_Data in this exercise_
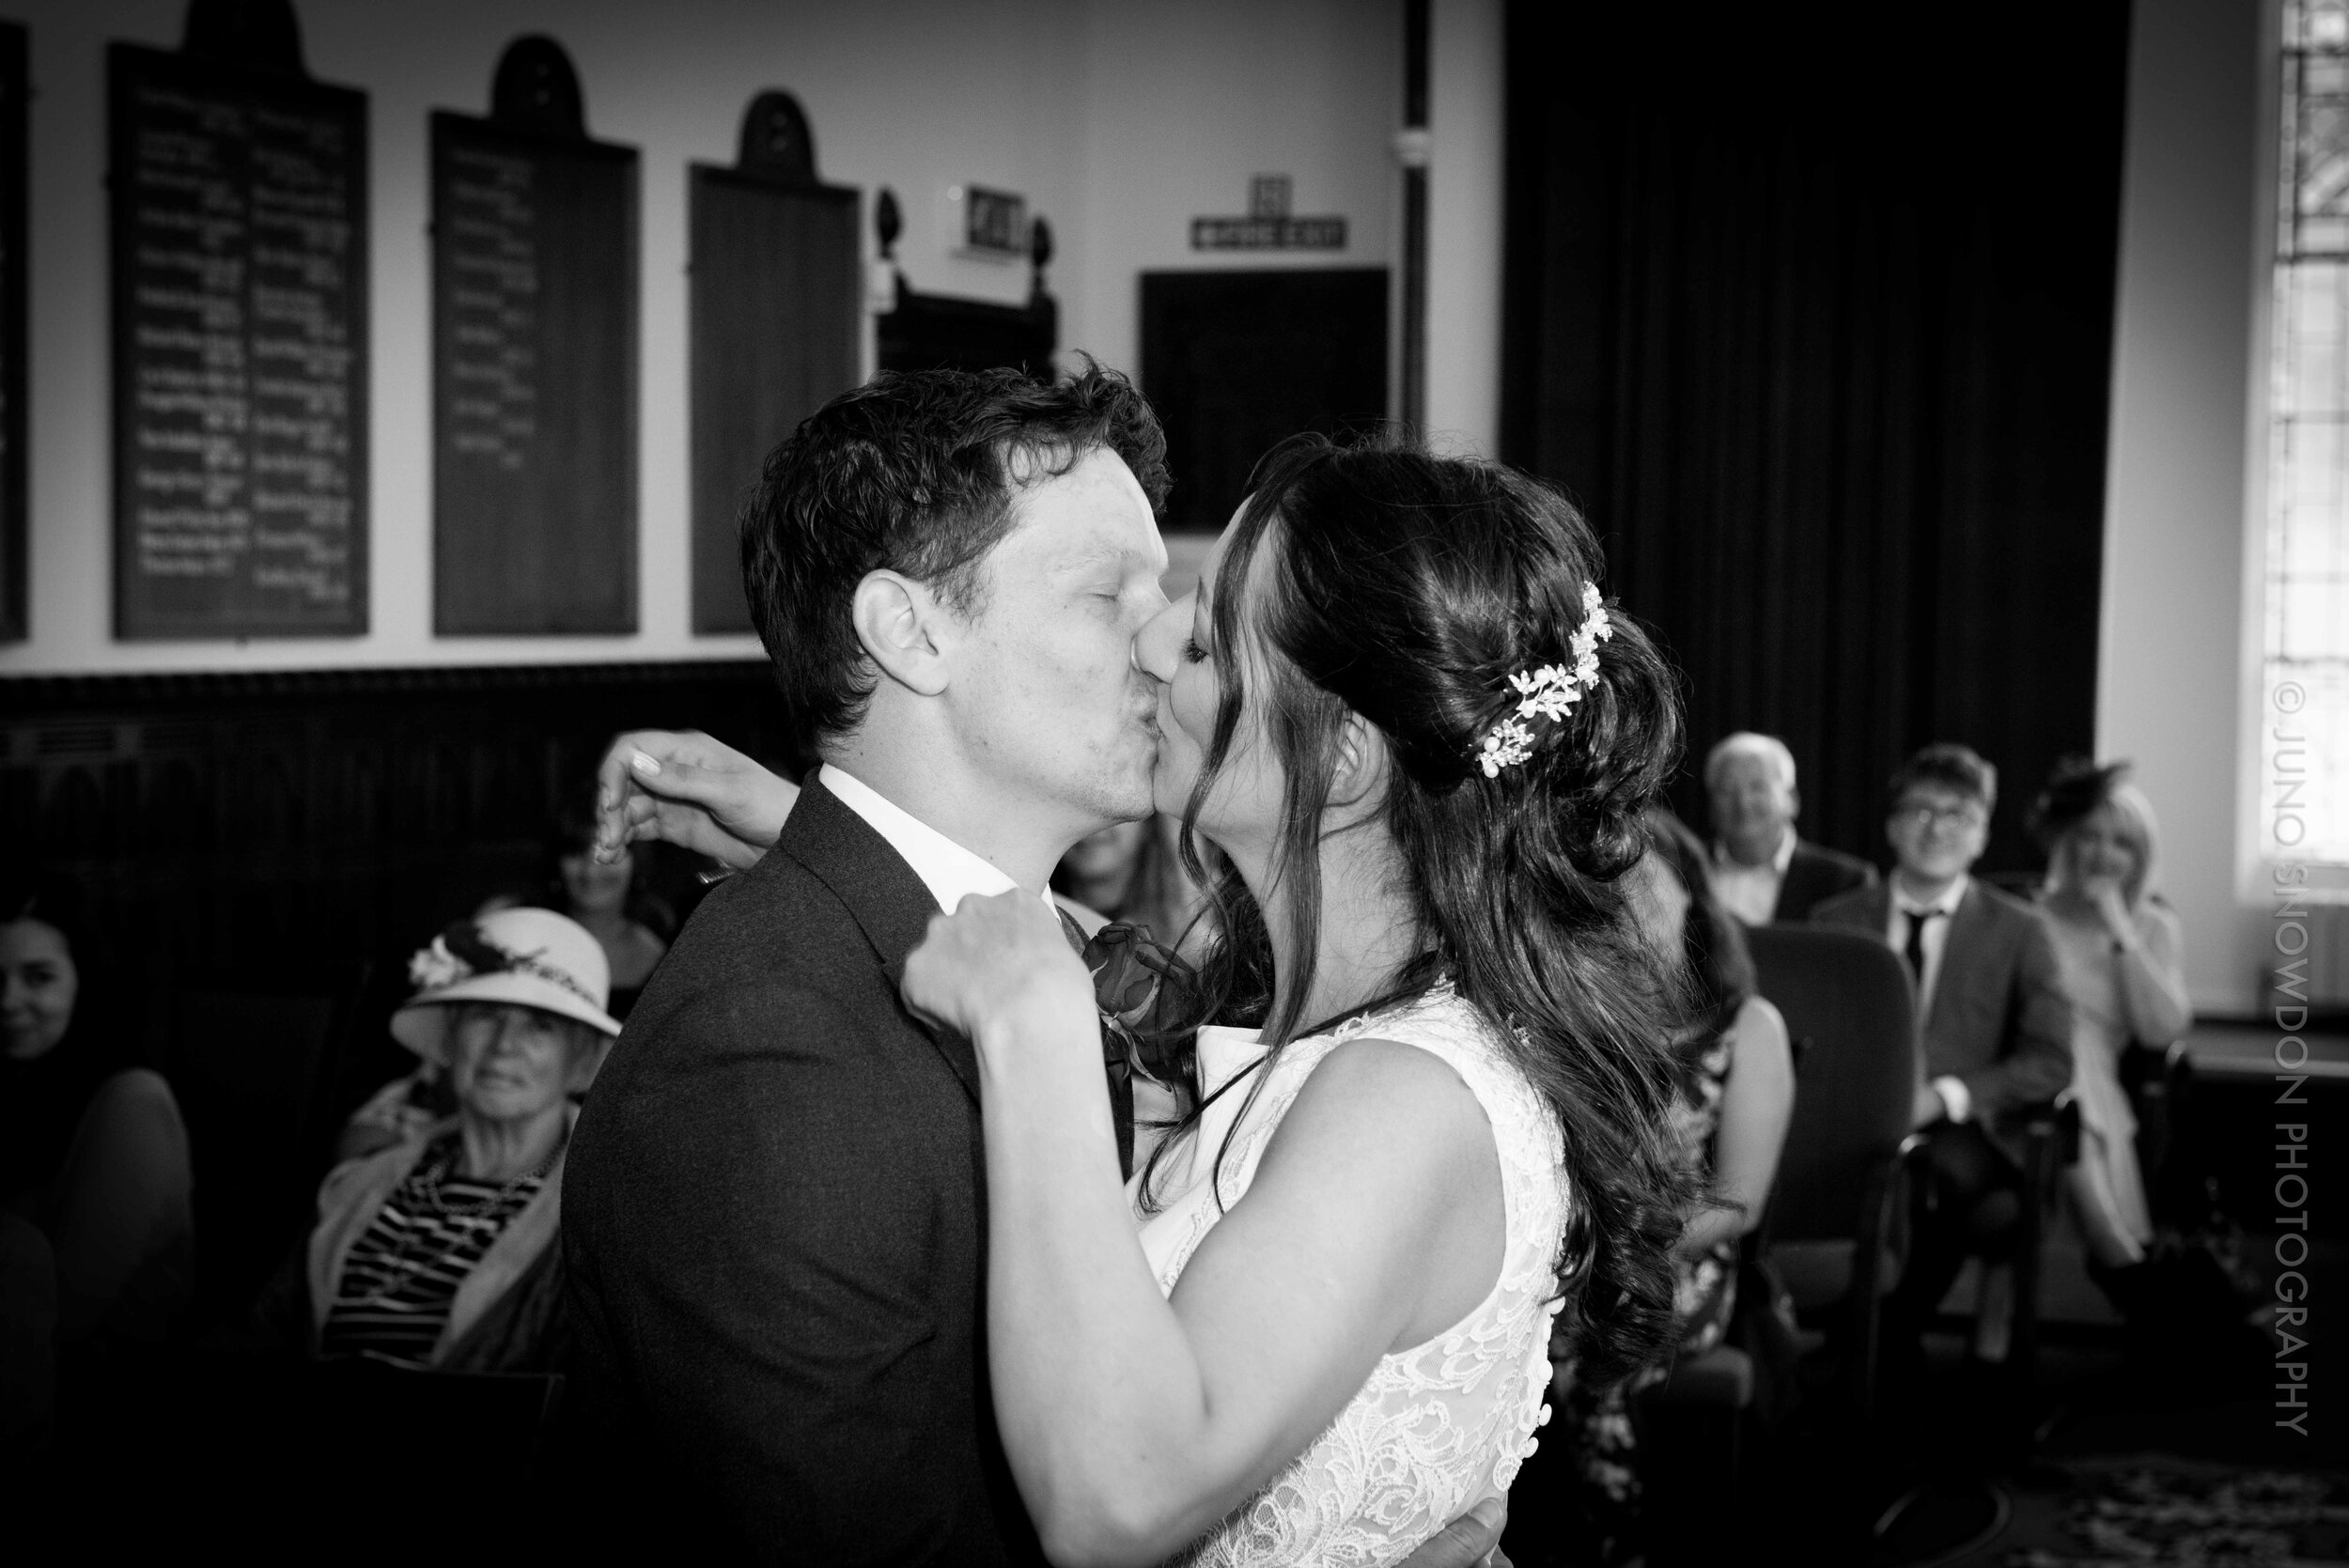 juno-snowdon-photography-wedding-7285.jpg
---
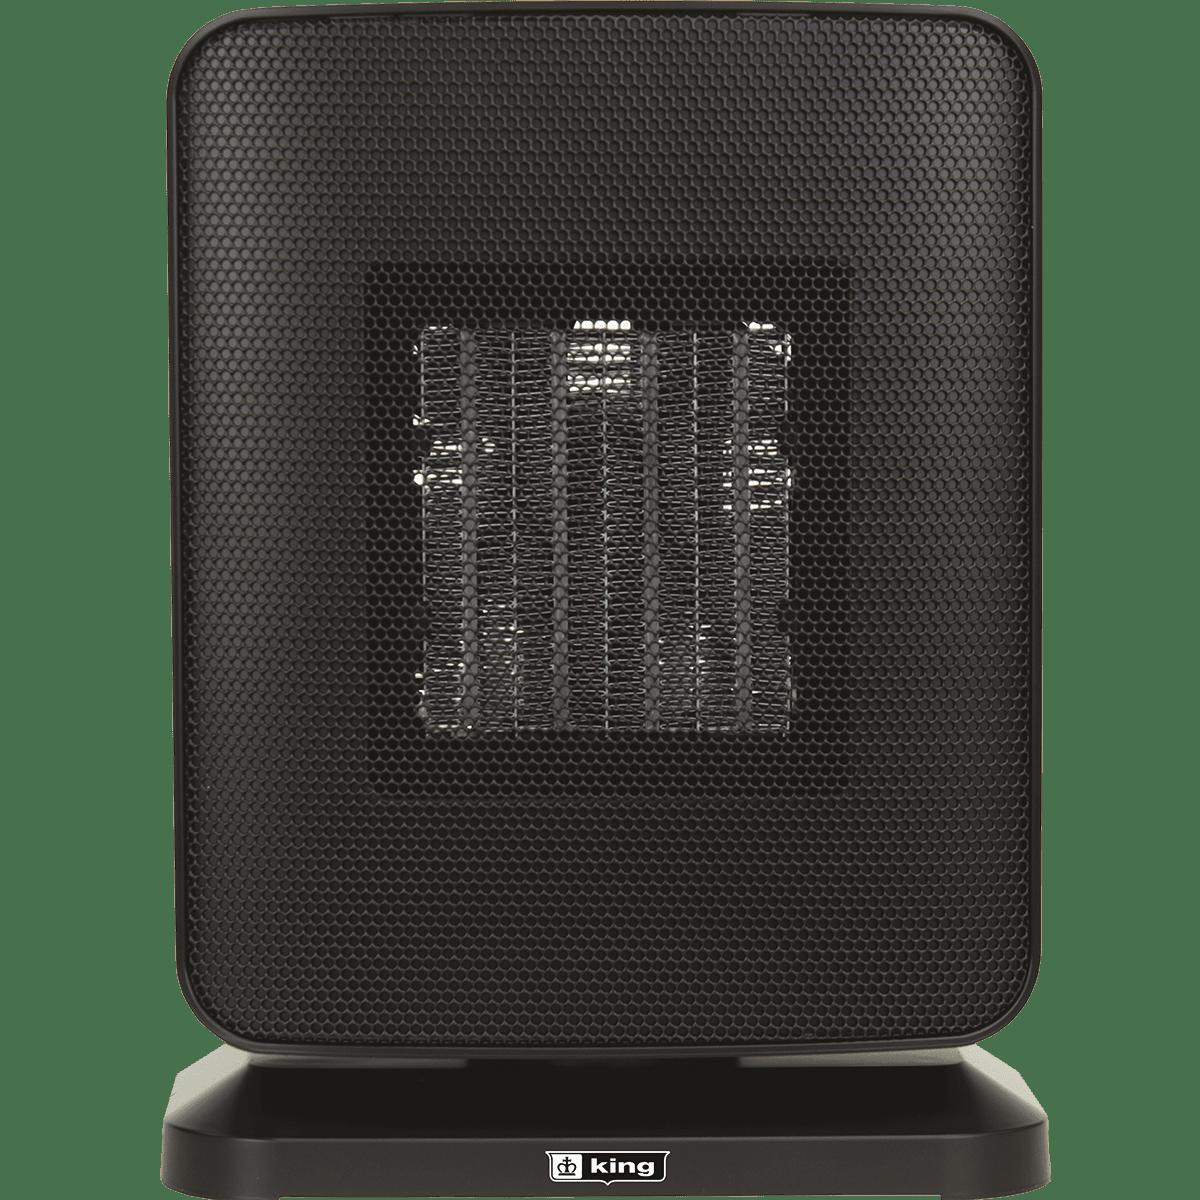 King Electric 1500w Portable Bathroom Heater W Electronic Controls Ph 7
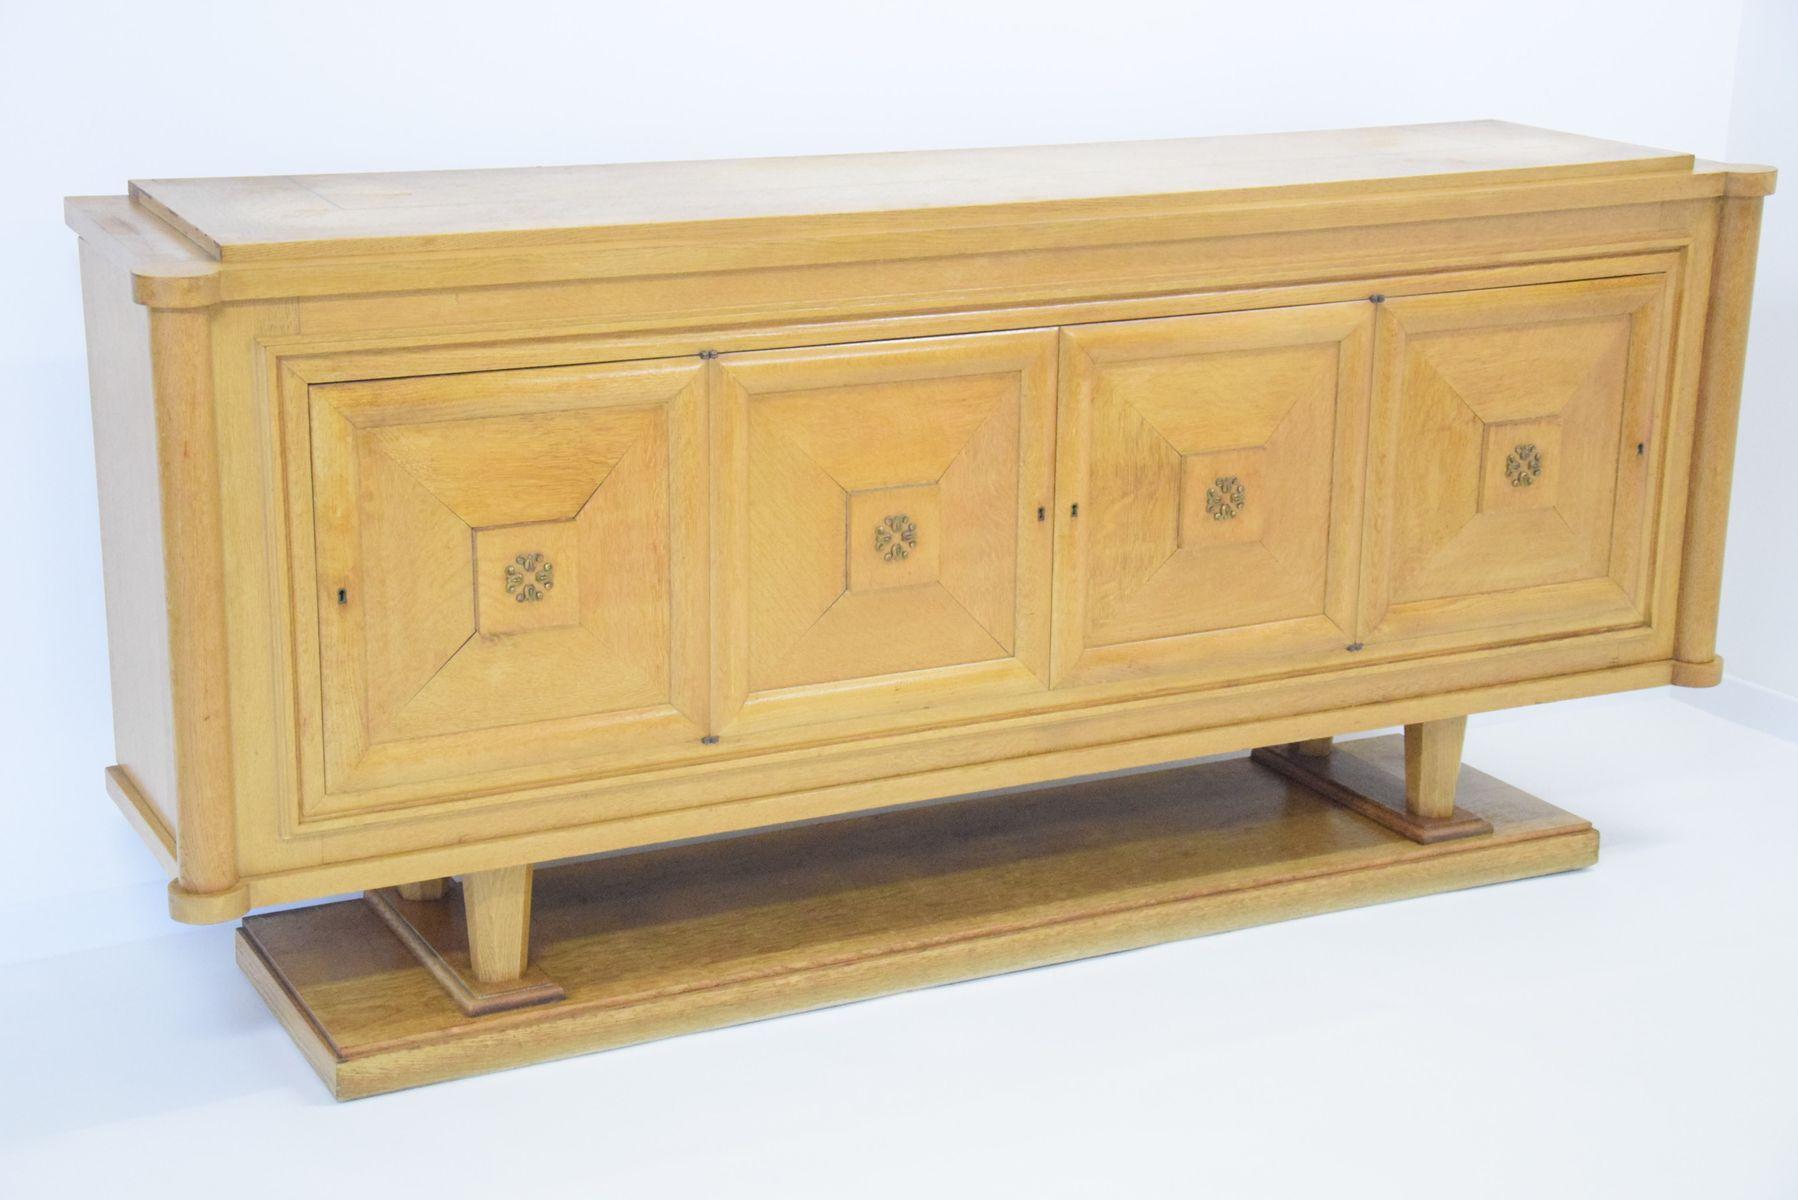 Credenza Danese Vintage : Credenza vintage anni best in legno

_How to complete this task_
Using the records above, return verbatim only the part that opens with the line containing "King Electric 1500w" and closes with the line containing "Credenza Danese Vintage"; pictures stay out.

_Response for this exercise_
 King Electric 1500w Portable Bathroom Heater W Electronic Controls Ph 7
 Credenza Danese Vintage : Credenza vintage anni best in legno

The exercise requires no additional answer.